Time passes slowly, with assignments that continued to prove that we have a problem. We were not stupid. We were just using our capacity to demonstrate that we were committed. The academic background was, by all means, an issue. To most of us, this was different on existing world before that year.

 Our research skills were minimal. To most of us writing a research paper with the expectations of the instructor was entirely new. We came from local universities that scientific research aside from being taught does not meet the criteria that are needed. It was two separate worlds of everything.

The result was that the gap continued to enlarge, between us and everyone else in the program.

Towards the end of the second semester, Gaza war started, and the political situation took an entirely different direction. War was very close to our doors. In Jerusalem, the burning of Mohammad Abu Khdeir shook our safety. Violations were everywhere. It was many months of not stop threats. The scenes of destruction coming from Gaza were heart breaking. We were all affected, and everything seemed meaningless.

It was struggling by all means. But yet, everyone involved wanted it to work.

We managed, we paid high prices, we finished.

As time passed, we continued to reflect, and more lessons continued to be learned.

The experience, by all means, changed us all. On a level so separate from that of the academic.

We all became people who started seeing things beyond what they appear to be.

We learned that our identities are given at birth, there is not much to change about it. But our attitudes to the other is what shapes our identities. Faith is something that is engraved deeply in us all.

Us and them.

We are not supposed to change one another. We need to work on the modification inside us.

Humanizing each other seems harder than it appears.

And again, we needed to start a journey within us for that change.. not on them.

It is a whole set of an entirely different approach.

Start with yourself.

Be your master of change.

Search in the depths of all those who came before and tried so hard to make a difference in this world.
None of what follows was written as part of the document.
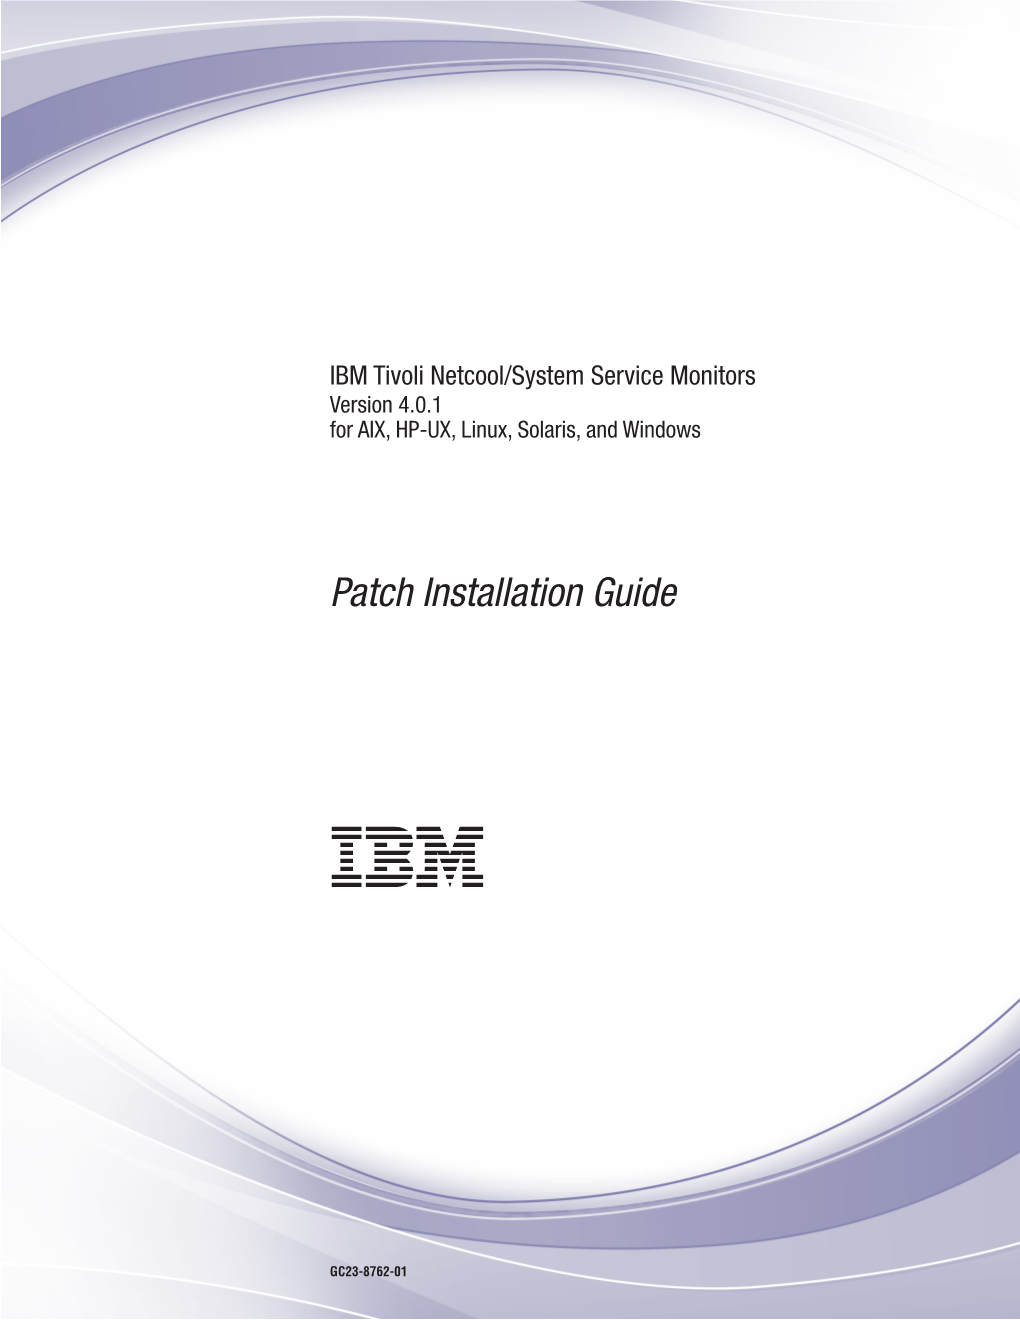 IBM Tivoli Netcool/System Service Monitors: Patch Installation Guide Tables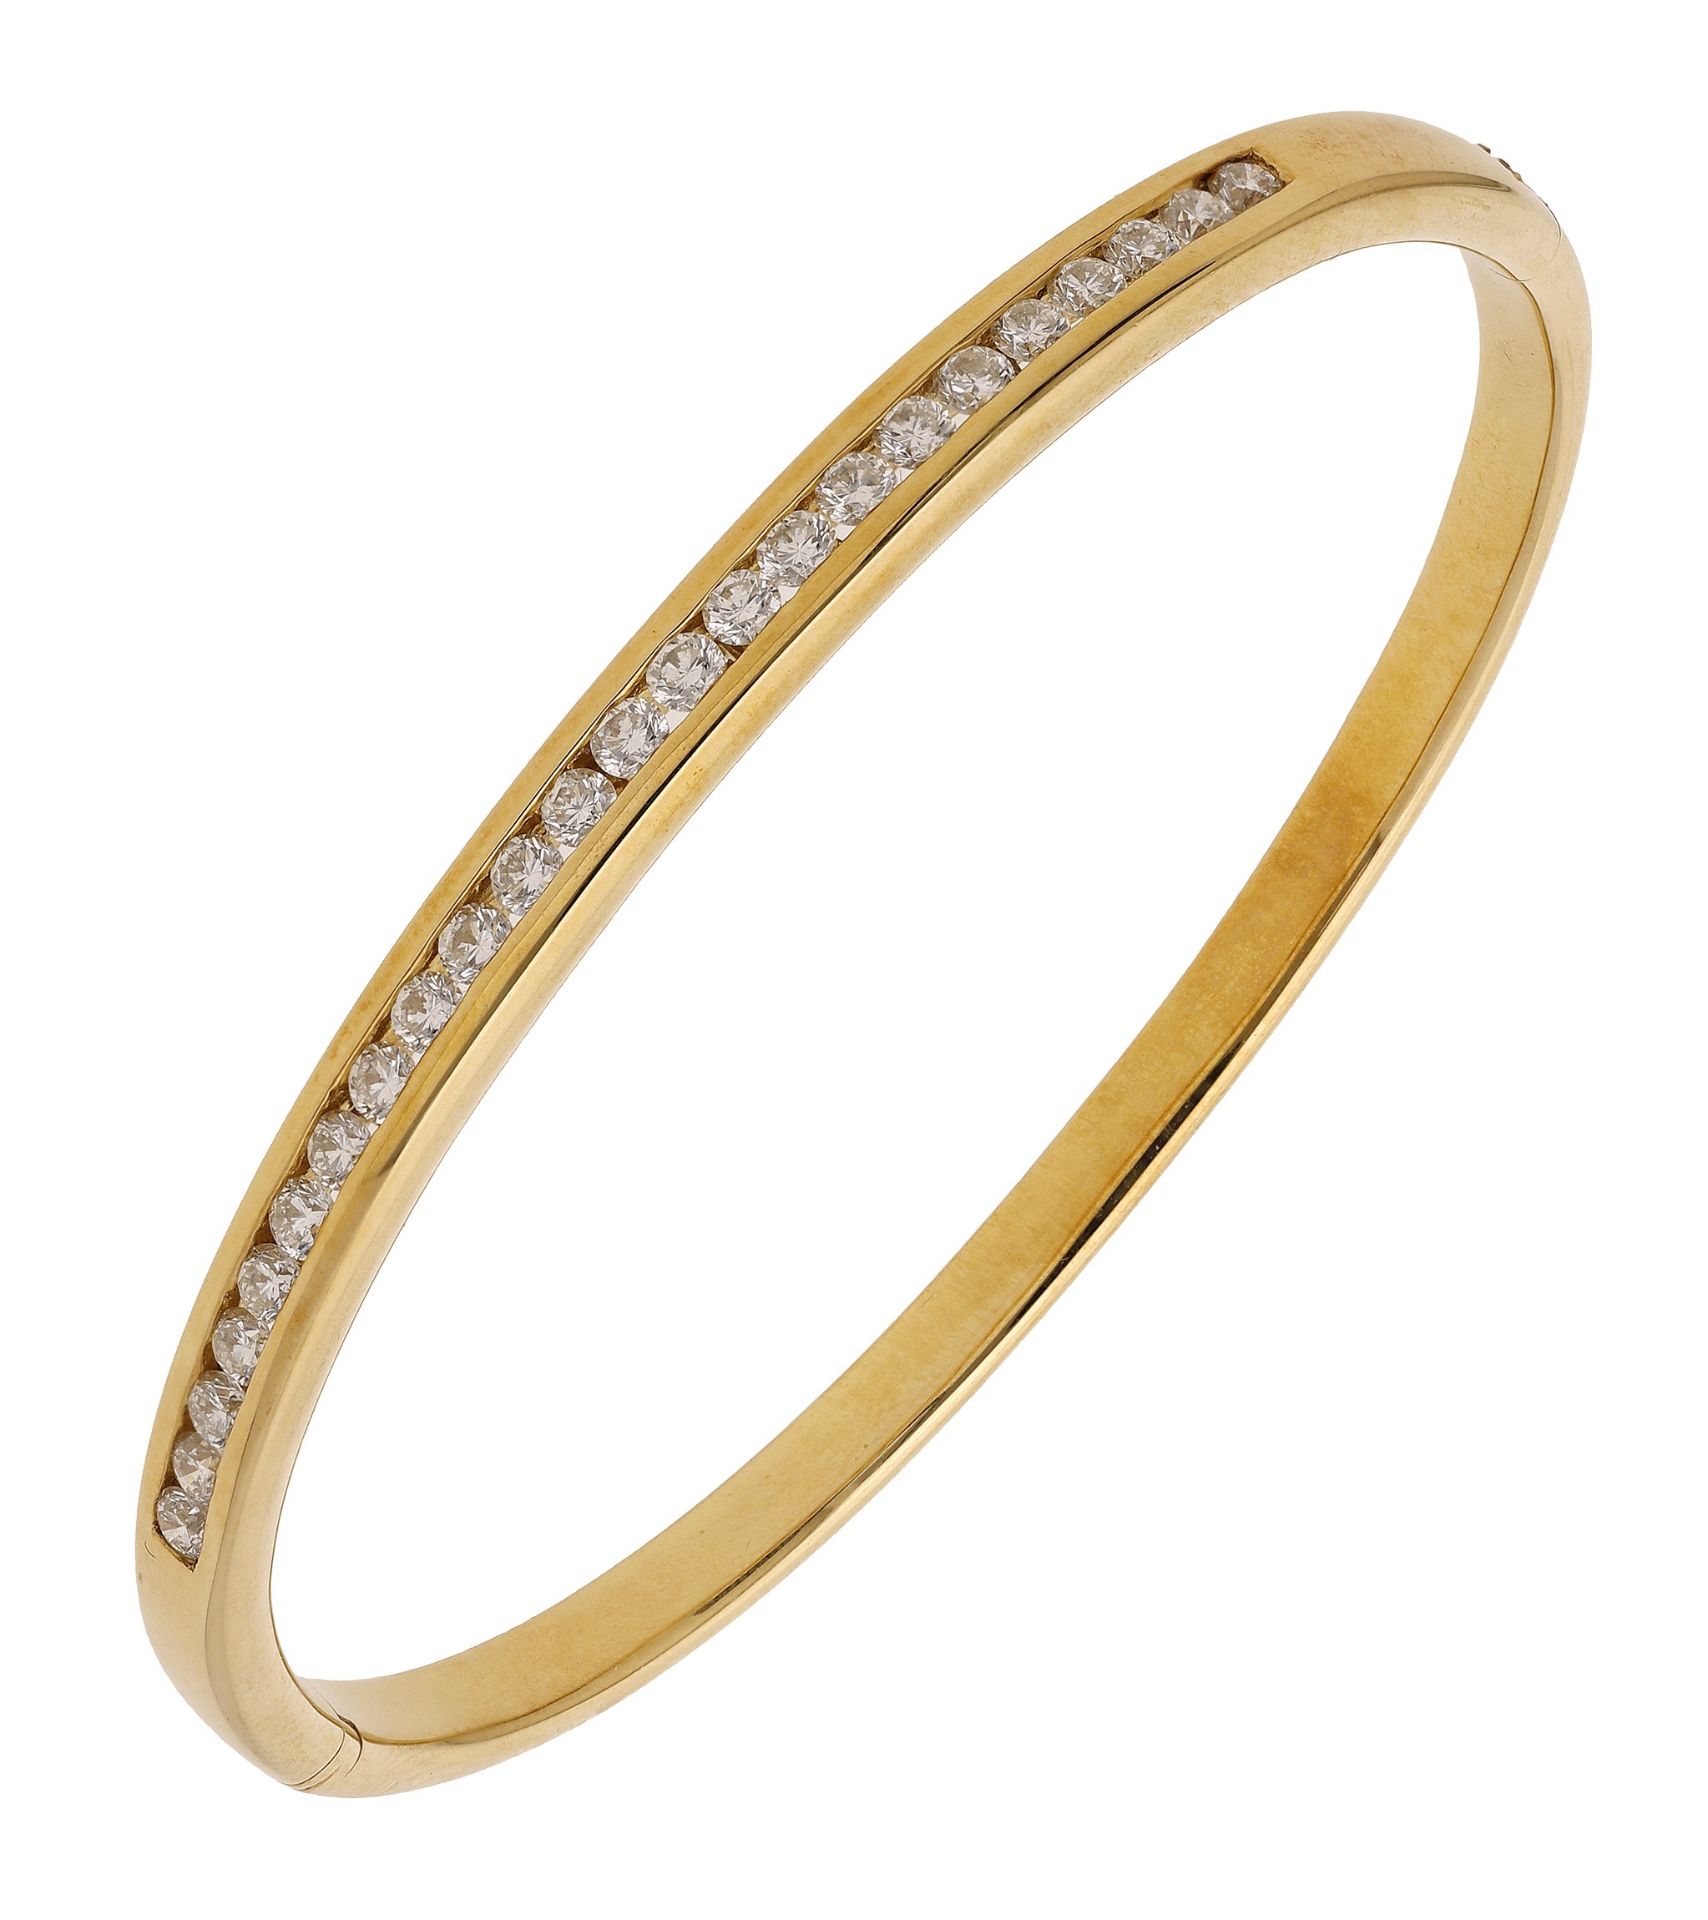 An 18ct gold and diamond set hinged bangle, channel-set to the front with brilliant-cut diam...

As we were the weaker group regarding our capacity, we came from the stronger side of the history we were studying. All these people are gathered in the Islamicate world trying to figure out what the Islamic civilization left in that time.

A sense of pride that made our curiosity eventually more meaningful. We settled down, and we started exploring.

 We learned that history is not granted, history is achieved.

As the debate continued, we learned a valuable lesson in coexistence.

Well… I, of course, don’t like this term. I don’t like to use it, and it is a taboo as much as normalization is.

But becoming a philosophy student only opened such analysis and debate. They want us to coexist. Mission accomplished :

We give equal opportunities to two groups; we give more privilege to the marginalized and poor (us), we put them together. But the way each team takes the opportunities is up to them. And we were, of course, the weaker.

But it does not work this way.

It is not about coexistence it is the symbol of the Freie University,  “ Veritas, Justitia, Libertas.” And this is not for granted. This is something we need to fight to reach.

As time passed by, we reached a level that became beyond coexistence, and it only happened when each one of us was able to look deep inside him and accept his flows, and embrace his weaknesses and dare to get his strength out. It was only then that we were able to look at the other and think: he is a fellow human being, he is also struggling with his flows, with his weaknesses and strengths. Just like us.

In the last few days, I was looking around, and I was feeling proud.

I was sitting yesterday in the graduation ceremony, and I said to myself: We have gone a long way.

It is not a matter of one experience. It is not a matter of one’s failure or one’s success. It is a process of change that we all deserve.

And it is only through an intellectual encounter as such, that we can dig in our histories without fearing one another.

That history is already dead ….

We are here to make the change in getting the better human beings out of us.